ACTIVITY
From the line containing "Torneo de golf" through the last line below, copy every line exactly, leaving out the pictures.

INFORMATION SHOWN Start Marker

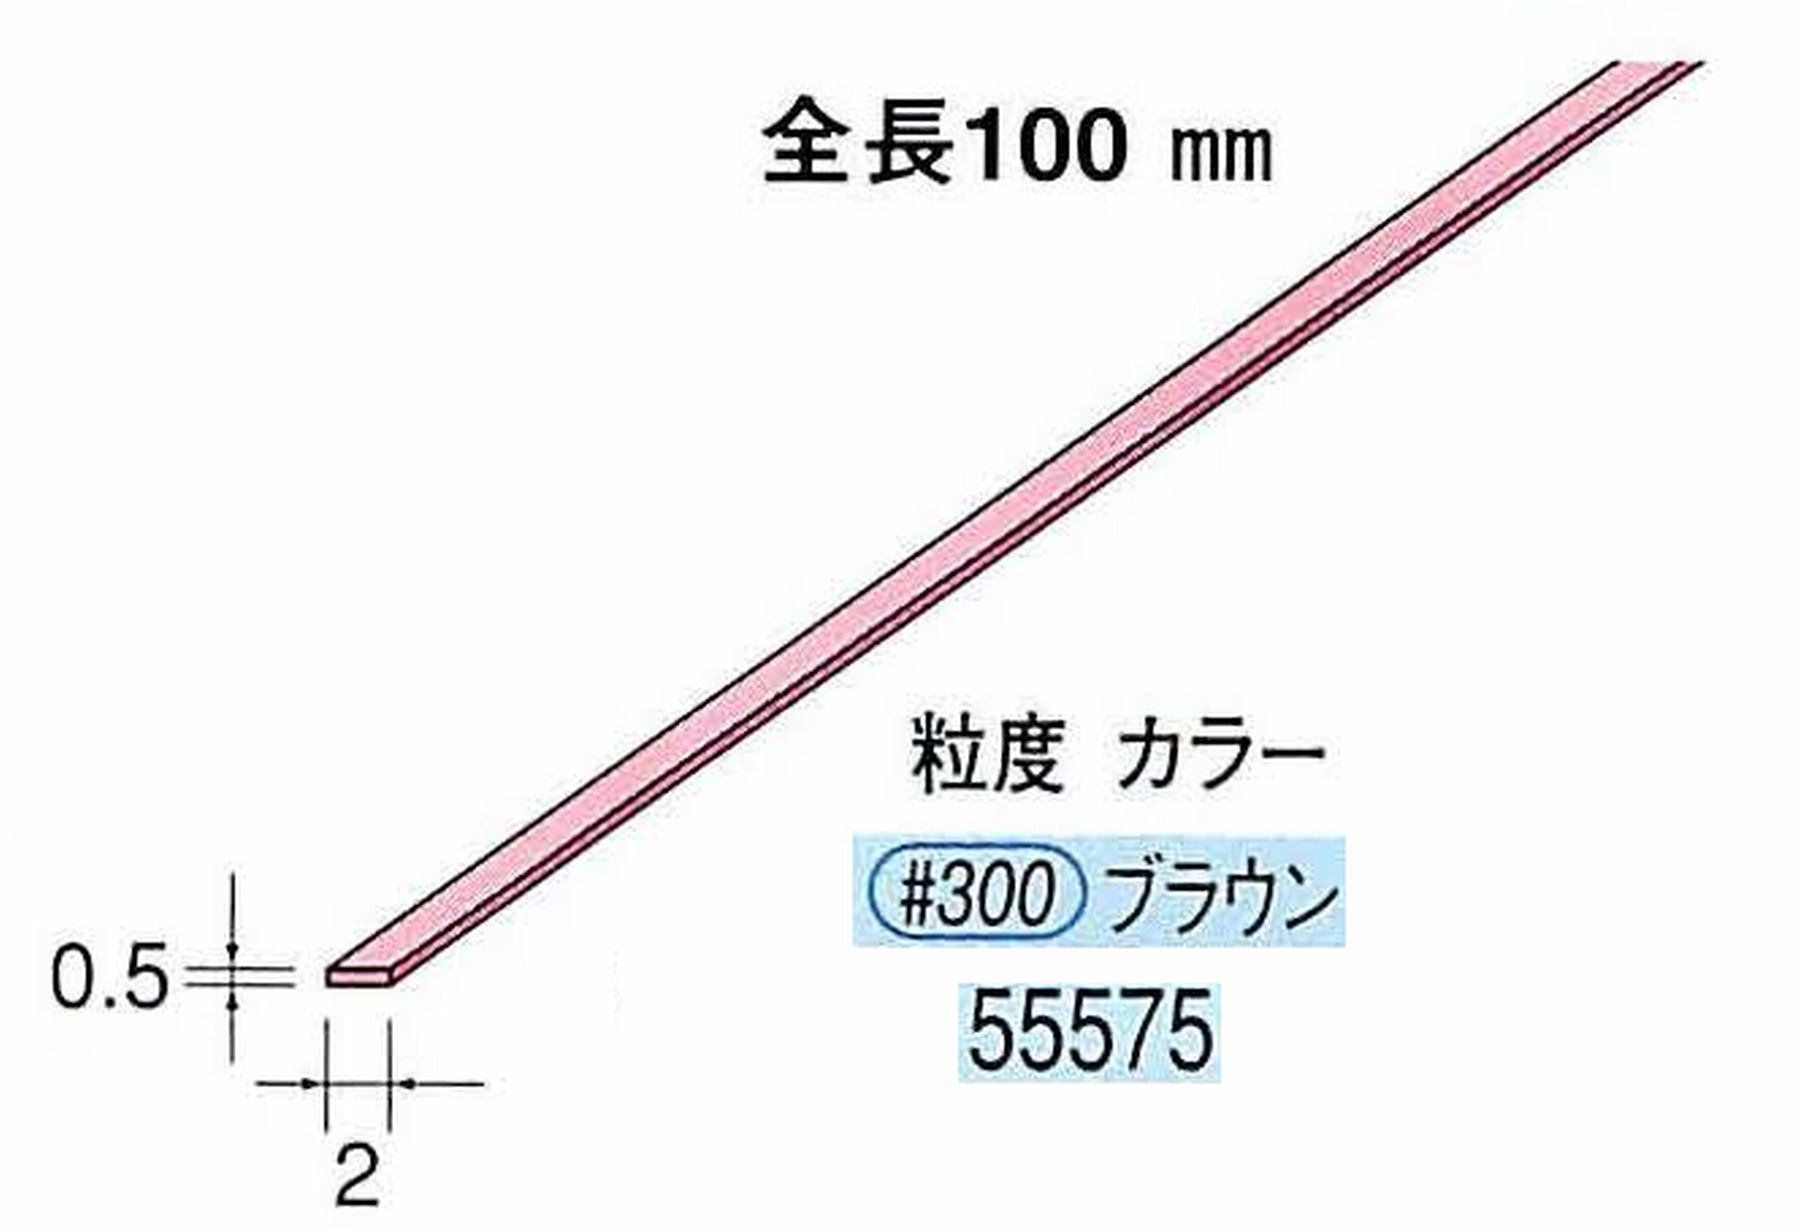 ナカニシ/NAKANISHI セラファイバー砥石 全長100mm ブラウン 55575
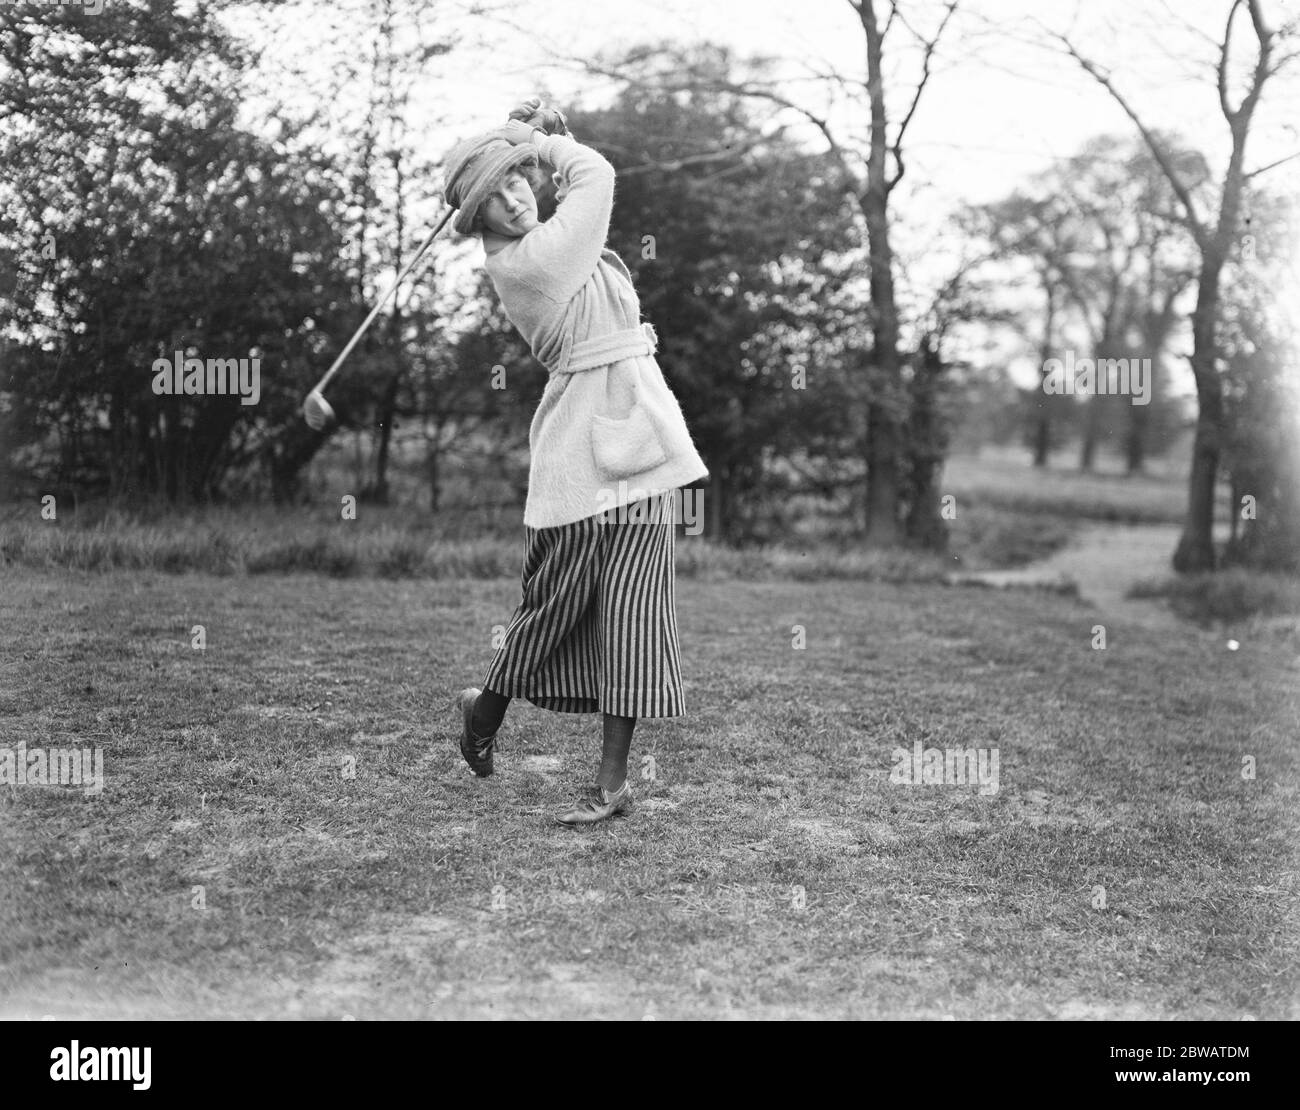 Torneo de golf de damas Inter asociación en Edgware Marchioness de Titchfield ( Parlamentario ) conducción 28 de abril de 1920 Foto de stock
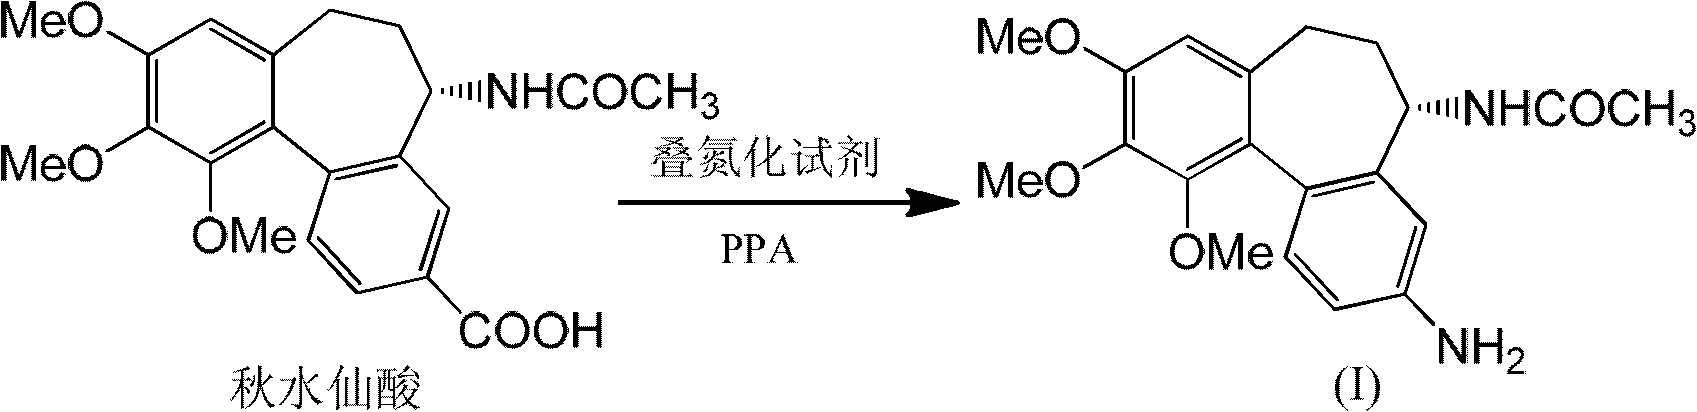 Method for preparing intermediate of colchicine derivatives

INFORMATION SHOWN End Marker

OUTPUT OF THE EXERCISE
 Torneo de golf de damas Inter asociación en Edgware Marchioness de Titchfield ( Parlamentario ) conducción 28 de abril de 1920 Foto de stock
 Method for preparing intermediate of colchicine derivatives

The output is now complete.